The unremarkable beige, brick building is known to fans as the exterior of the Friends apartment, where Rachel, Ross, Monica, Chandler, Joey and Phoebe all congregated in the hit 90s sitcom. Mr Cook says people come into the restaurant every day asking about the apartment. Most of the time, he has to let them down.

“Lots of people want to go upstairs into the apartment,” he says. “They're so disappointed when they learn [the show] was shot on a soundstage.”

In fact, the restaurant itself is a disappointment to many tourists, who come expecting to see the Central Perk – the main coffee shop from the show.

"Then they realise that’s not real, either,” Mr Cooks says, “Because there's no way that could fit in this tiny space.”

Friends is one of the enduring shows of the 90s, and people seek out the New York apartment every day (Rex Features)
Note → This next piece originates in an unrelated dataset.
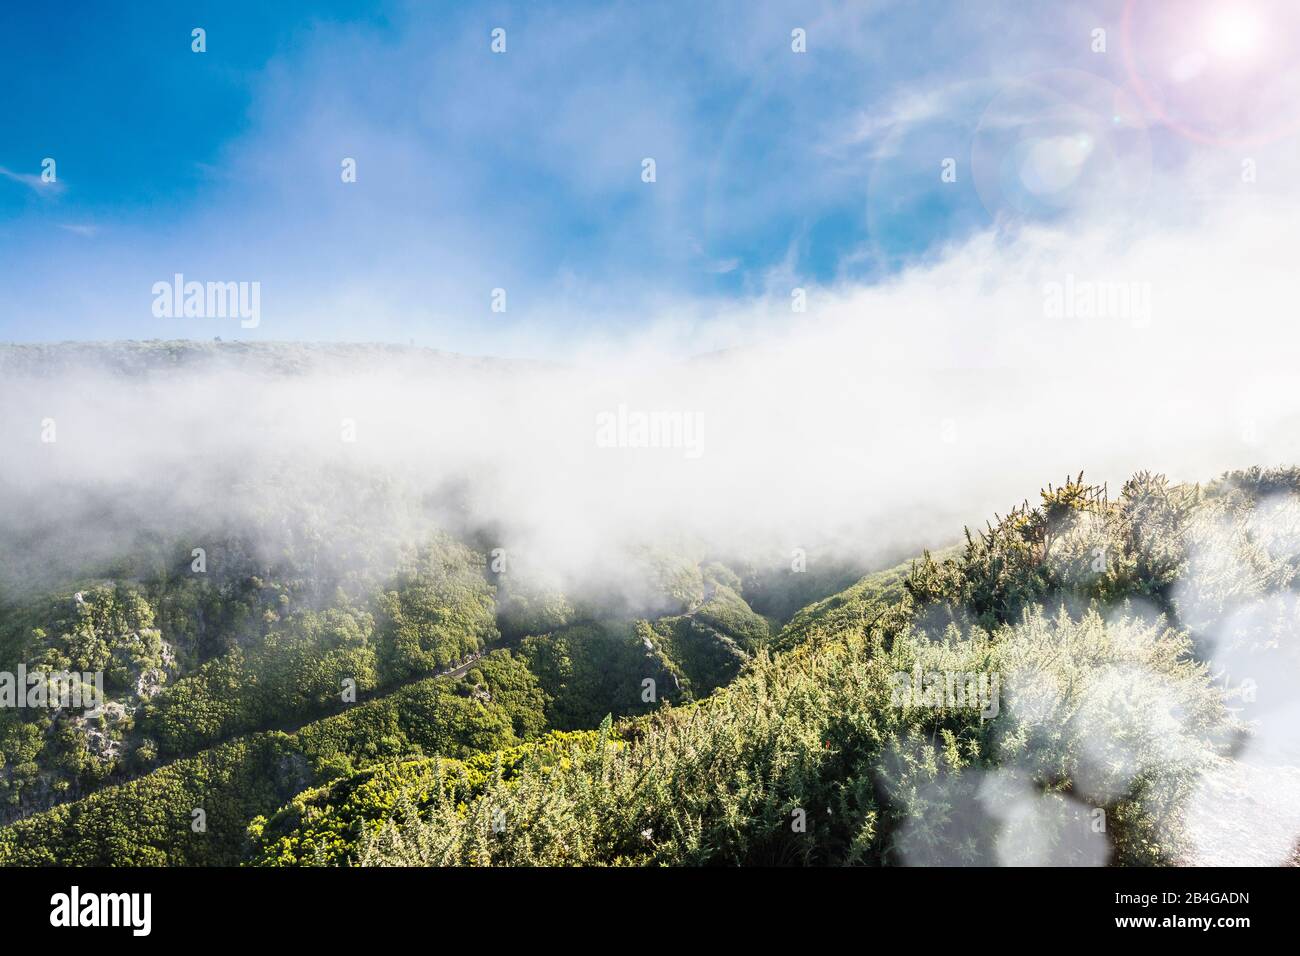 Europe, Portugal, Madeira, Paúl da Serra plateau, Rabacal, mountain slopes in fog Stock Photo

Indeed, the infeasibility of these television apartments has become somewhat infamous. The New York Post recently calculated that the two-bedroom, one-bathroom Friend’s apartment would cost more than $4,000 a month to rent, if it actually existed. Carrie Bradshaw’s five-bedroom, three-bath pad, meanwhile, sold for $9.85m back in 2012. The buyer kept their name a secret.

In this way, New York’s famous homes are a bit like the city itself: The space a little tighter, the rents a little higher, and the neighbours a little less friendly than Hollywood would have you believe.